Public art in Calgary takes on many forms. It can look like the Peace Bridge, the controversial blue ring on the Deerfoot overpass, or the Wonderland sculpture, a popular photo opp in the downtown core. Regardless of its form, public art can make everyday life more imaginative and start important conversations — and that’s what the BUMP Festival is all about.
The BUMP Festival started in 2017 as the Beltline Urban Mural Project (BUMP), with a mission to turn Calgary into an “expansive, open-air contemporary art gallery,” according to its website. Each year, BUMP Festival organizers put together a diverse jury to narrow down hundreds of worldwide submissions from talented muralists and visual artists. So far, the festival has commissioned more than 300 public art works that make Calgary’s communities more vibrant. In 2022, for example, German graffiti artist DAIM gave Calgary the world’s tallest mural at about 95 metres tall.
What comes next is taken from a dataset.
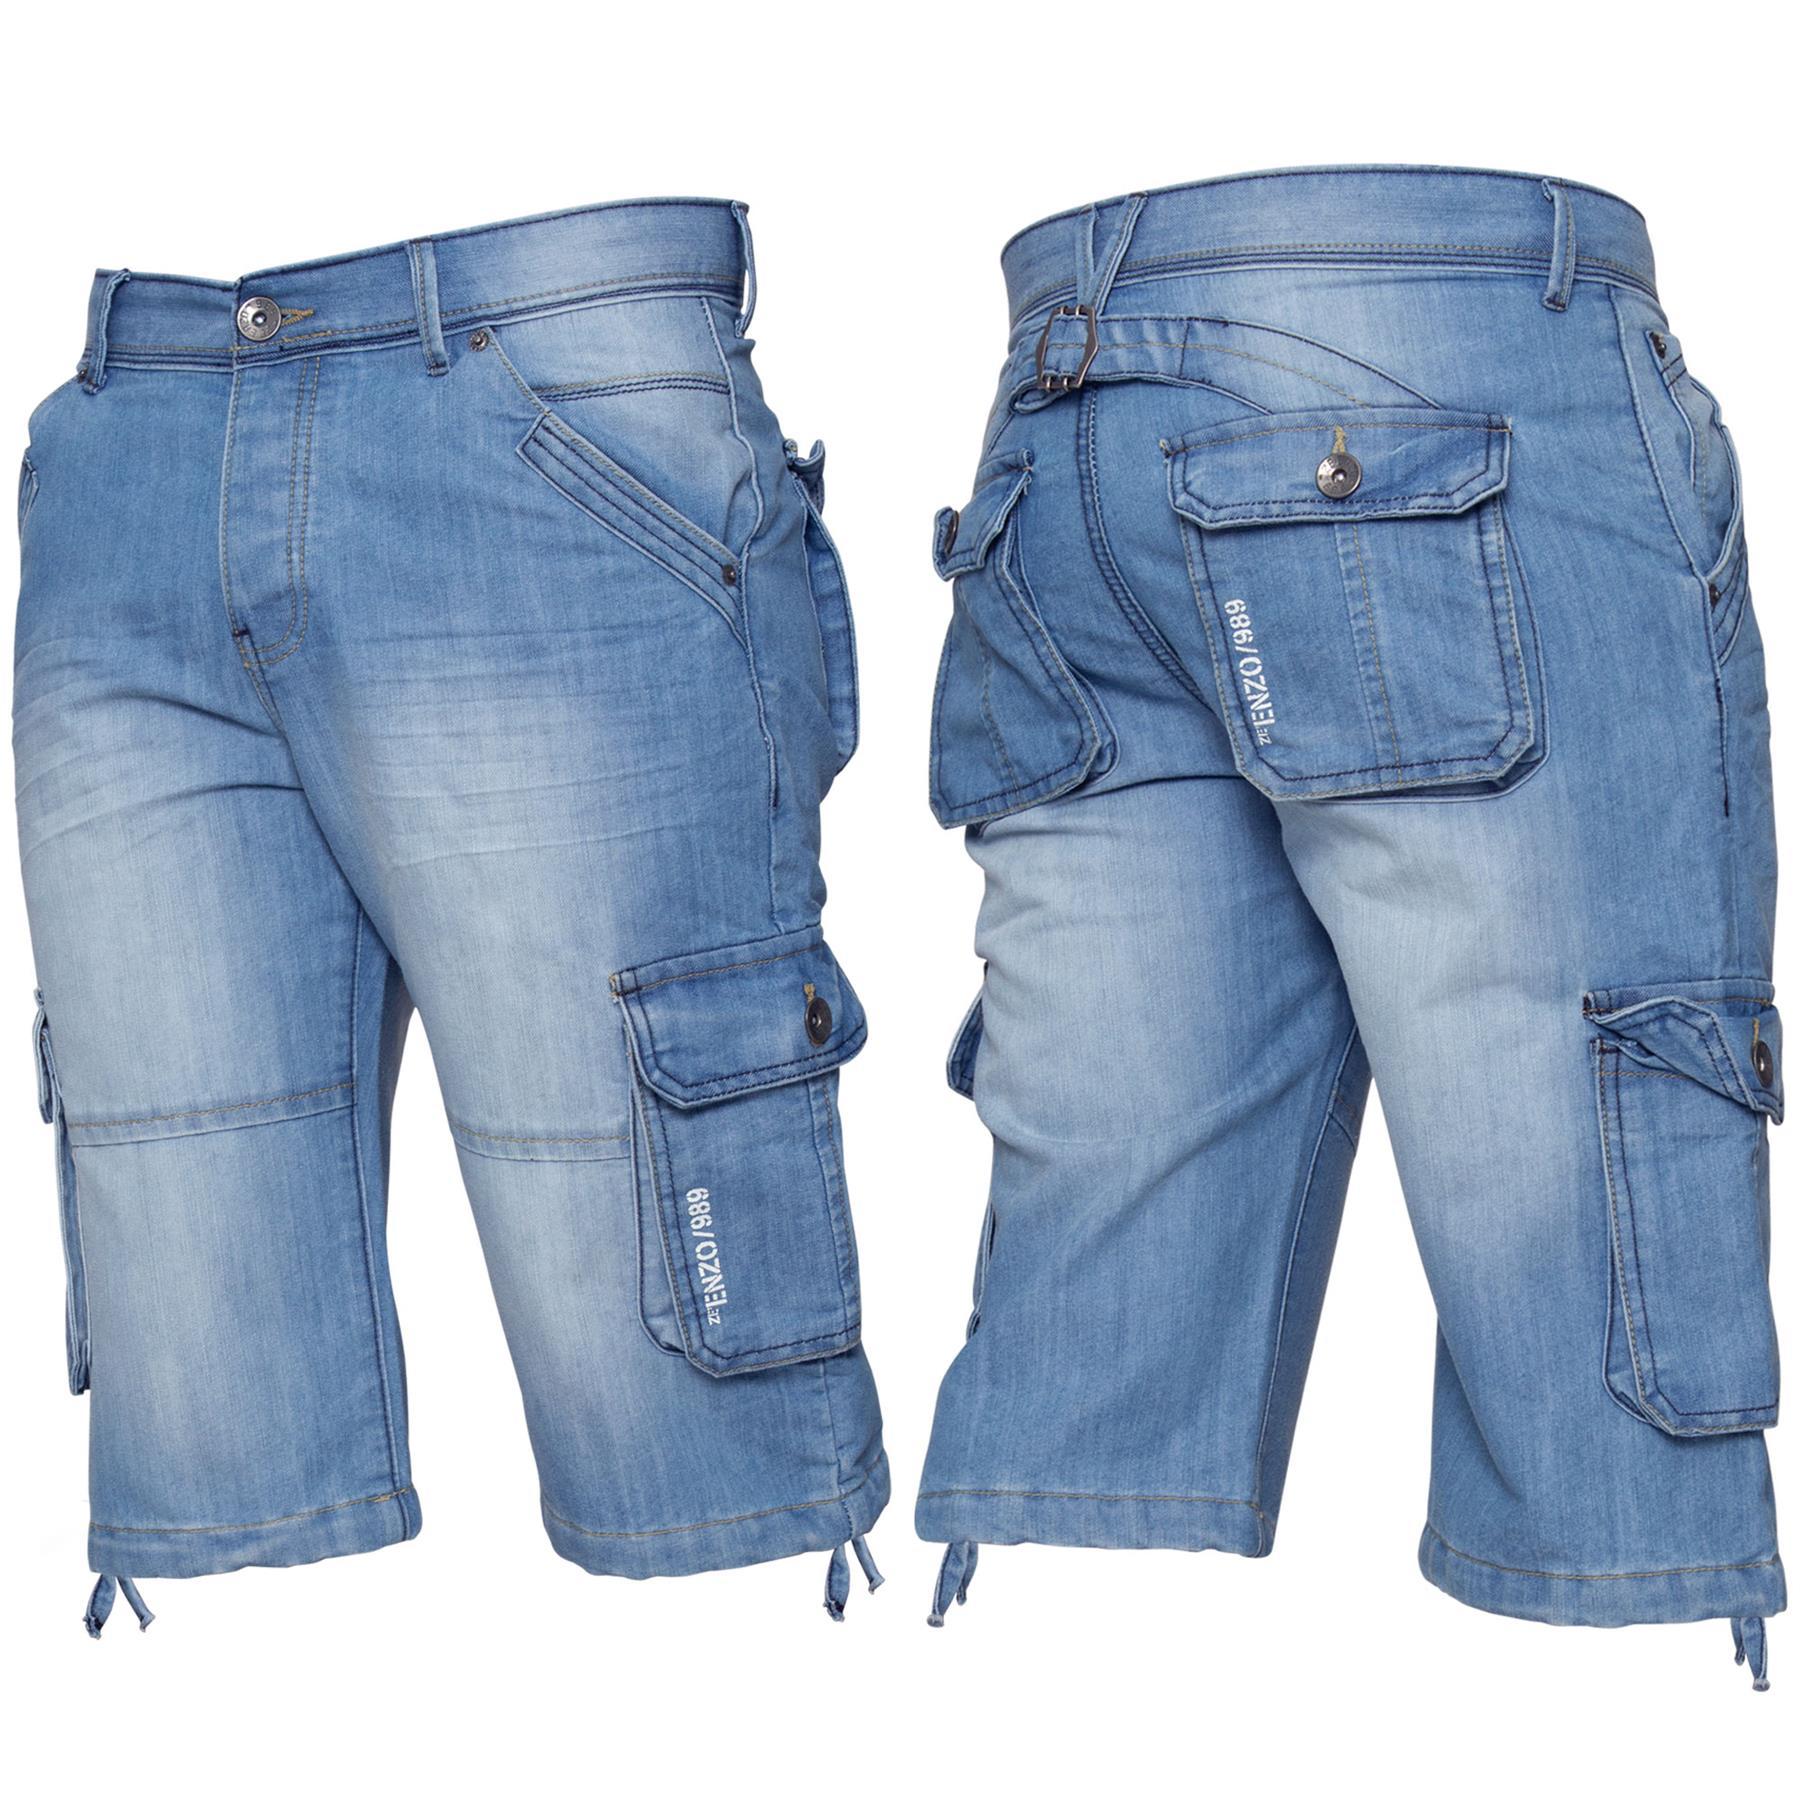 ENZO-Jeans-para-hombre-de-carga-combate-informal-de-verano-Shorts-Pantalones-Cortos-de-Jeans-Todas miniatura 13
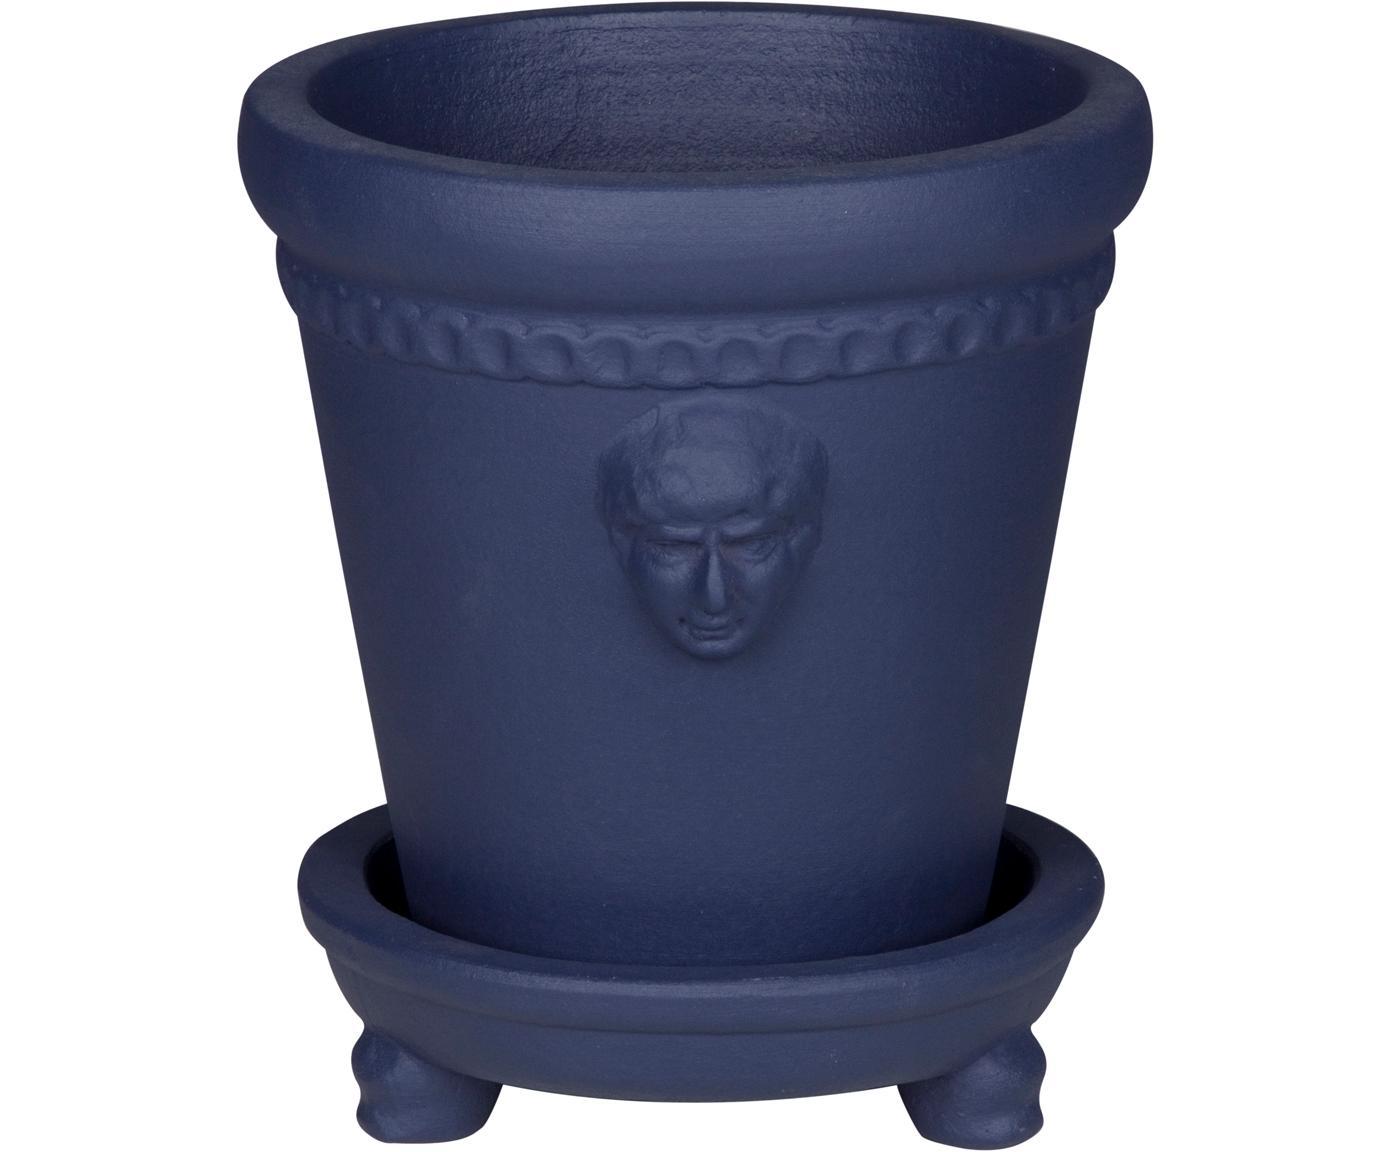 Übertopf Ceasar, Terrakotta, Blau, Ø 17 x H 20 cm

This year, the BUMP Festival is back from August 3 to 18, and Calgarians can look forward to a bolder, more colourful city. There will be mural tours, a new urban art conference, a High Park rooftop party with world-renowned DJs and a 3-on-3 basketball tournament, a free screening of the arthouse film Chungking Express, and the Trinity Kiki Ball and Rave in partnership with local ballroom community organization, VOGUEYYC, and DJ collective, AMBIEN.
Misha Maseka, marketing coordinator for the BUMP Festival, describes Calgary’s public art scene as an ever-growing product of old and new perspectives pushing against each other.
“There’s always sort of this tension, but tension that breeds innovation — tension that pushes the envelope,” Maseka says.
Calgary’s innovation is also recognized internationally, connecting renowned artists like Berlin-based JUMU Monster and Paris-based Meyso to this year’s cohort of local artists, such as Harvey Nichol, Katie Green and Kat Simmers.
“Calgary is an international player when it comes to public art — when it comes to design and innovation, we are right there with the best of them,” says Maseka.
This year, BUMP organizers wanted to be more intentional about starting conversations between artists, city planners and the public. The result is the inaugural Urban Art Conference running August 8 to 9 at Platform Calgary, where guests can attend panels like “How Do We Brand a City?” and “Revolution, Liberation and Change through Public Art.”
The BUMP festival has something for everyone, and it certainly isn’t an exclusive, pinky-up event. To round out a month of creative freedom, join VOGUEYYC and AMBIEN for a night of high-energy ballroom competitions and divine individuality at the Trinity Kiki Ball and Rave. Maseka says the collaboration was organic, and that it was only fitting to teach Calgarians what ballroom culture is really about — freedom and self-expression. Not to mention that Vogue DJs are some of the best in the game.
Maseka says that visual art can be inaccessible — that people feel “Visual art is not for me, because it’s in a gallery and I don’t understand it.” This event aims to change that.
“I think that what BUMP has done — and public art does — is we’re bringing the art to the people, people who are commuting to work every day, kids who are riding on the bus,” Maseka says. “I’m really glad that Calgary is this weird and beautiful city that has these things that get people to take a second look, or discover something that they might not have ever thought to discover.”